**EXERCISE AIM**:
The expected output is the full data, repeated exactly, without pictures.

**SUPPLIED INFORMATION**:
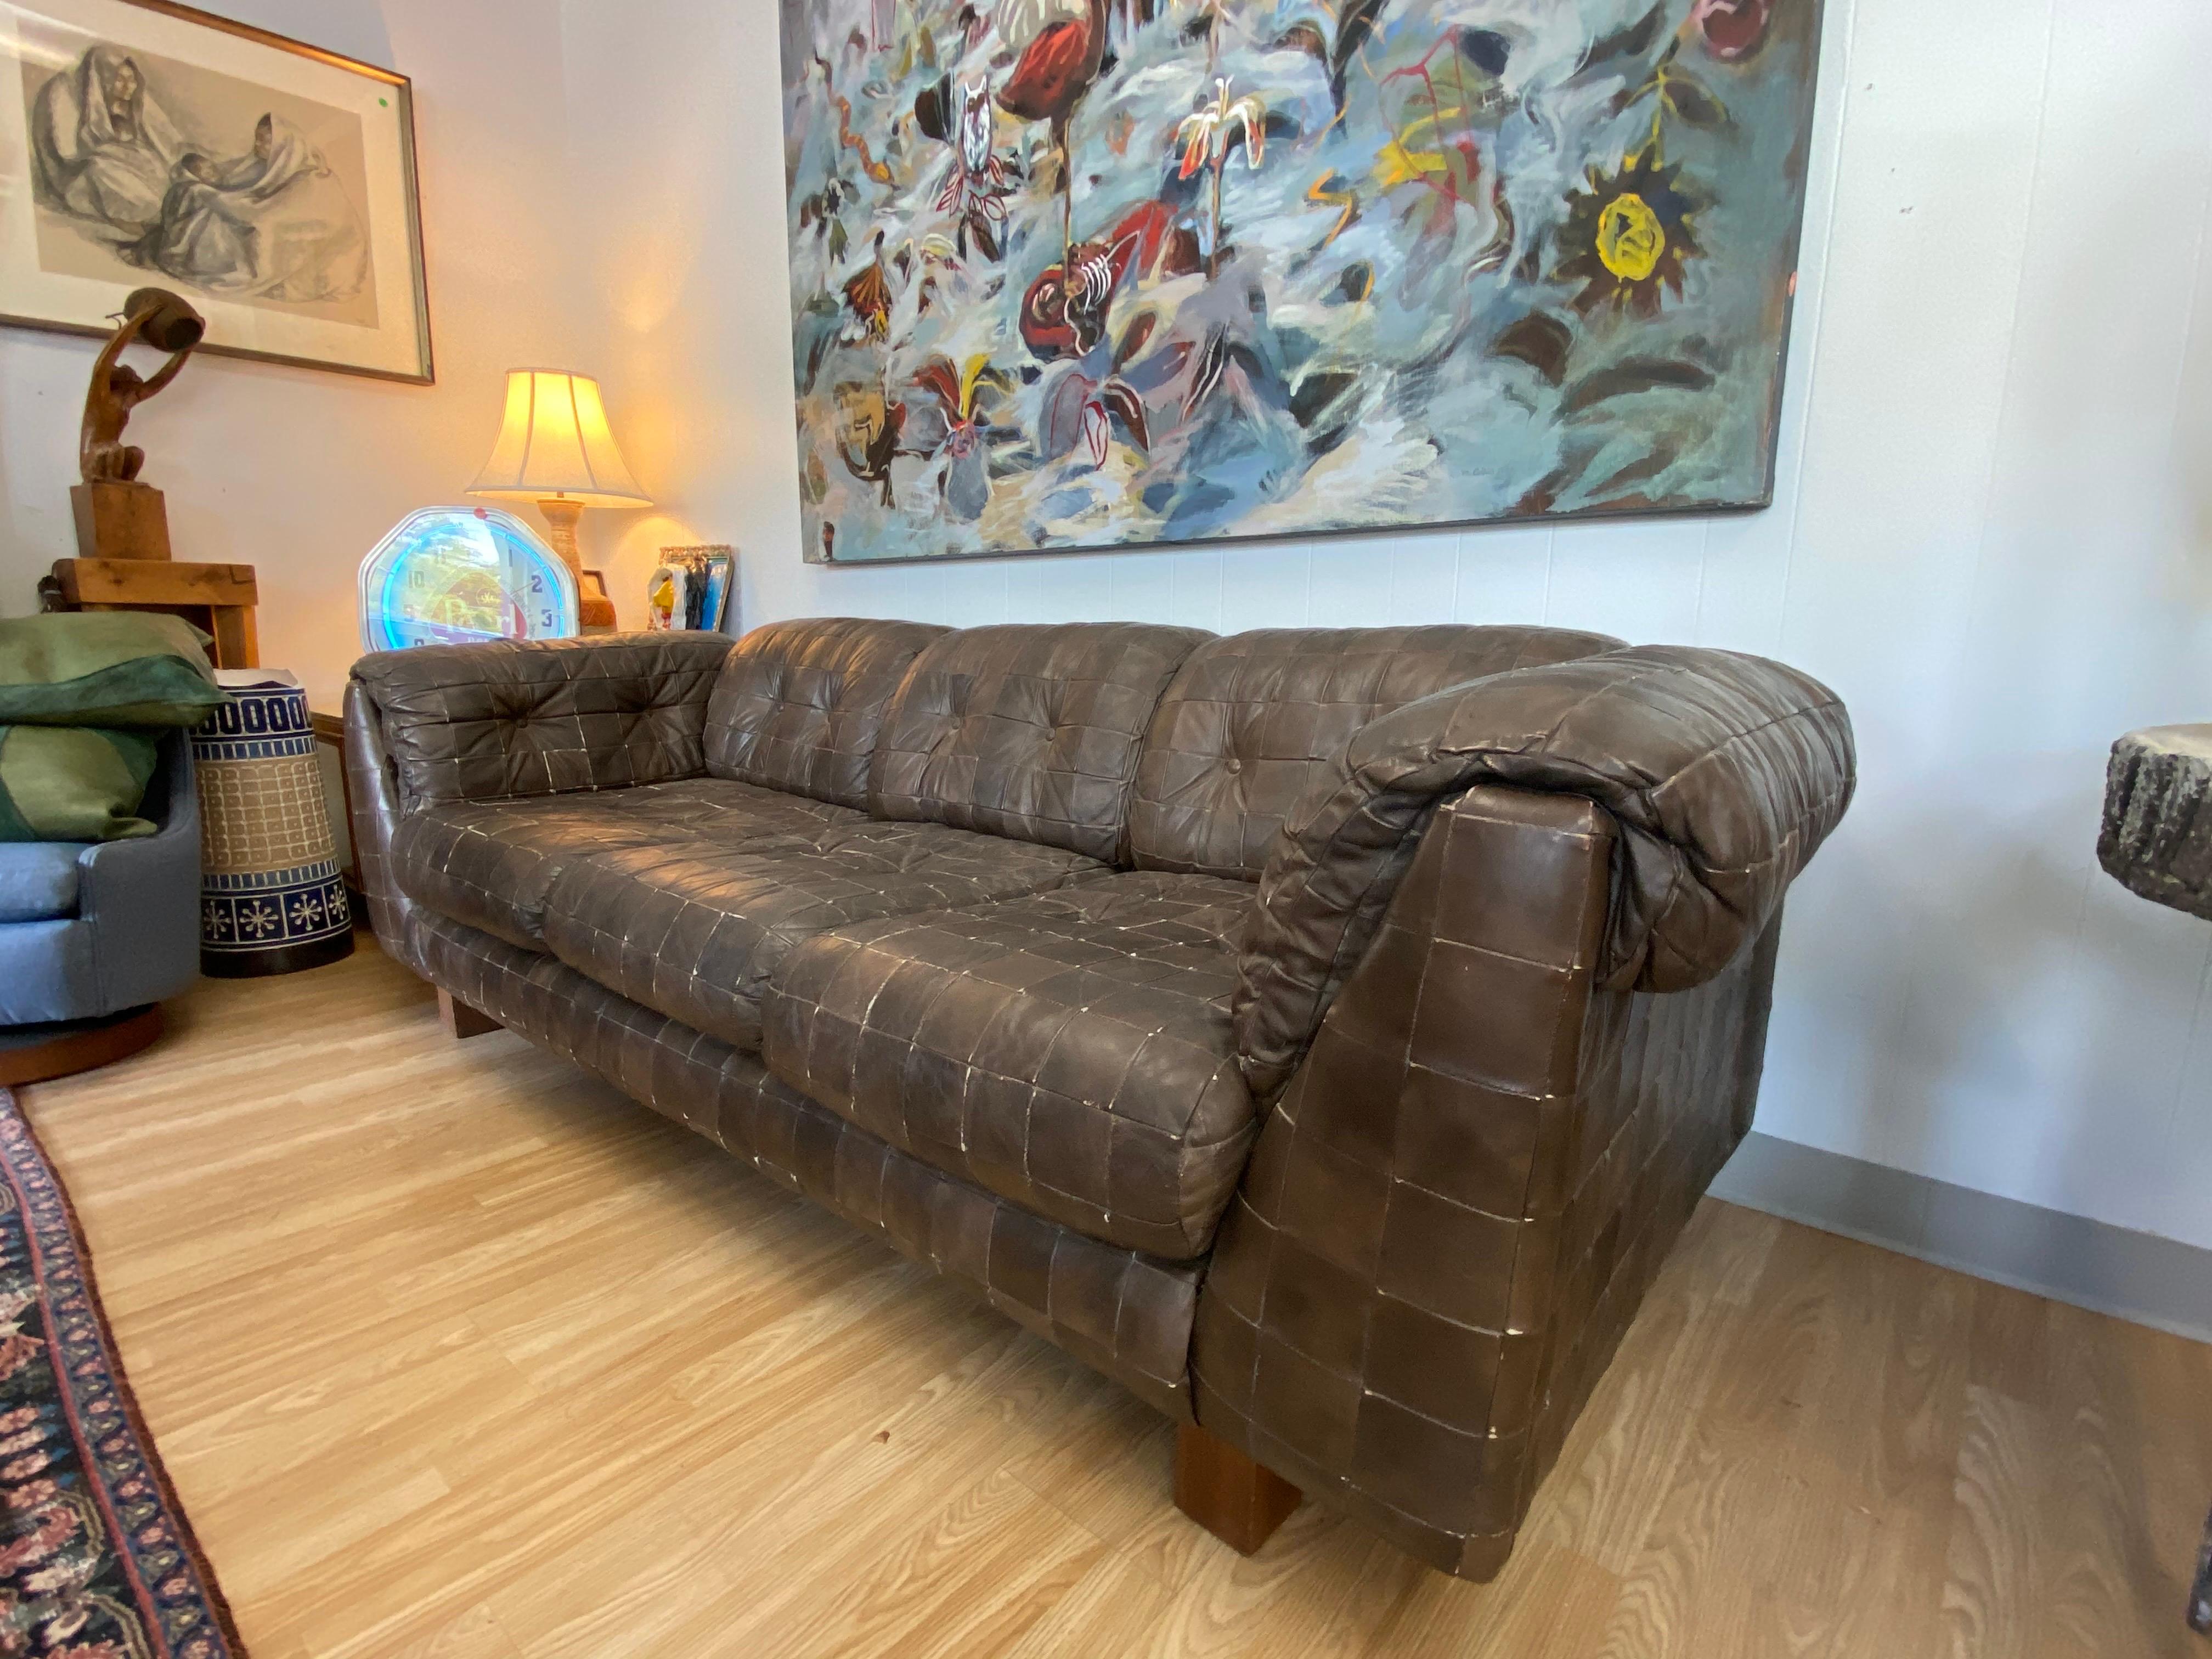 This vintage leather patchwork sofa is a warm brown color and is nicely worn and in good condition.
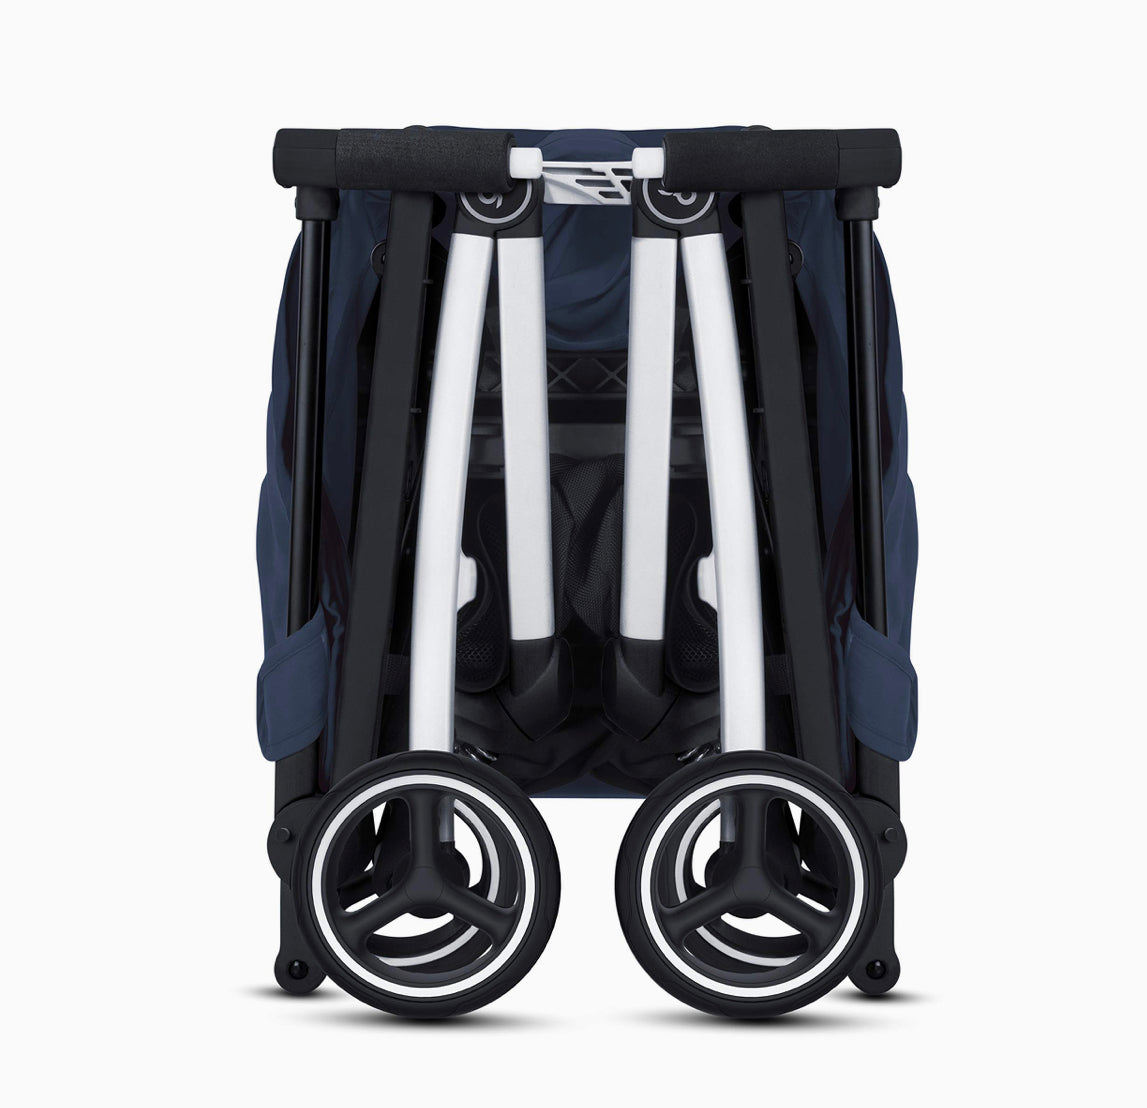 Pockit+ All City Stroller (same as Cybex Libelle, Latest 2020 version)
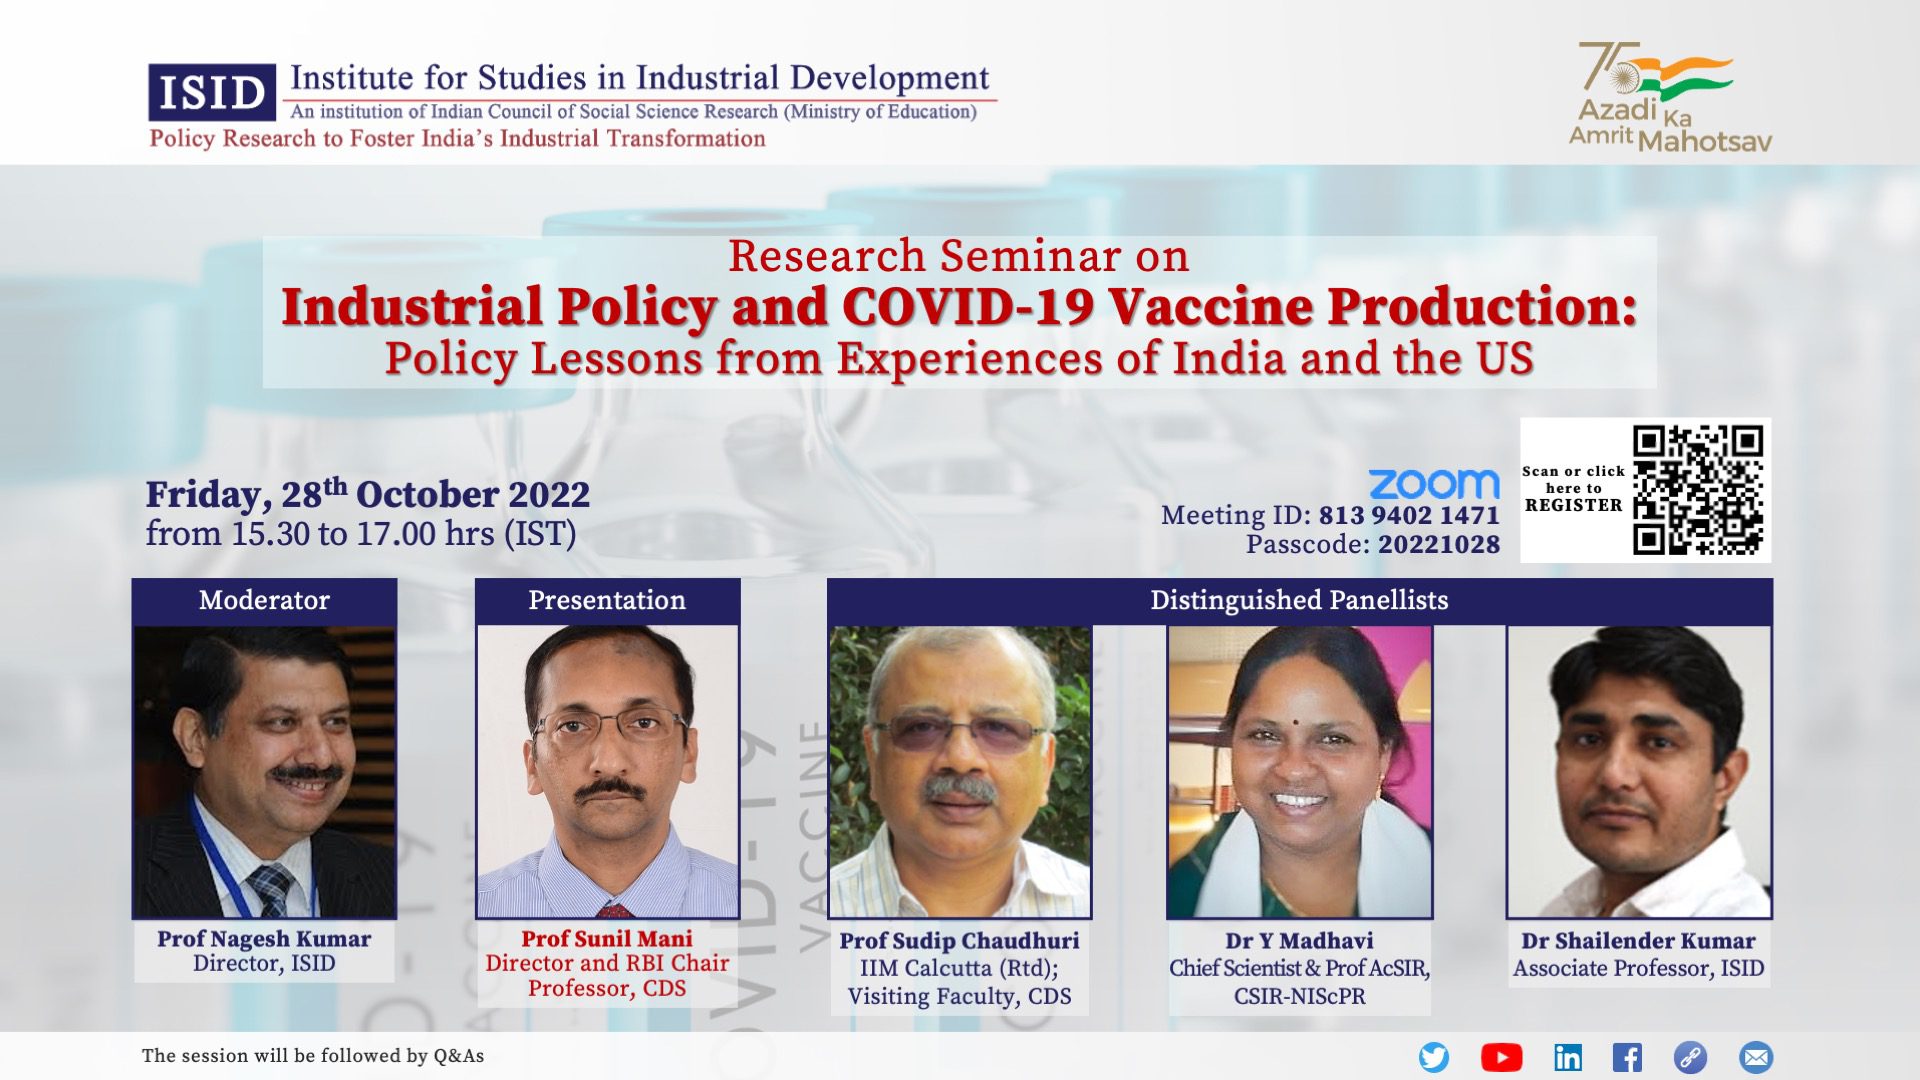 Research Seminar on Industrial Policy and COVID-19 Vaccine Production: Policy Lessons from Experiences of India and the US

**OUTPUT OF THE EXERCISE**:
 This vintage leather patchwork sofa is a warm brown color and is nicely worn and in good condition.
 Pockit+ All City Stroller (same as Cybex Libelle, Latest 2020 version)
 Research Seminar on Industrial Policy and COVID-19 Vaccine Production: Policy Lessons from Experiences of India and the US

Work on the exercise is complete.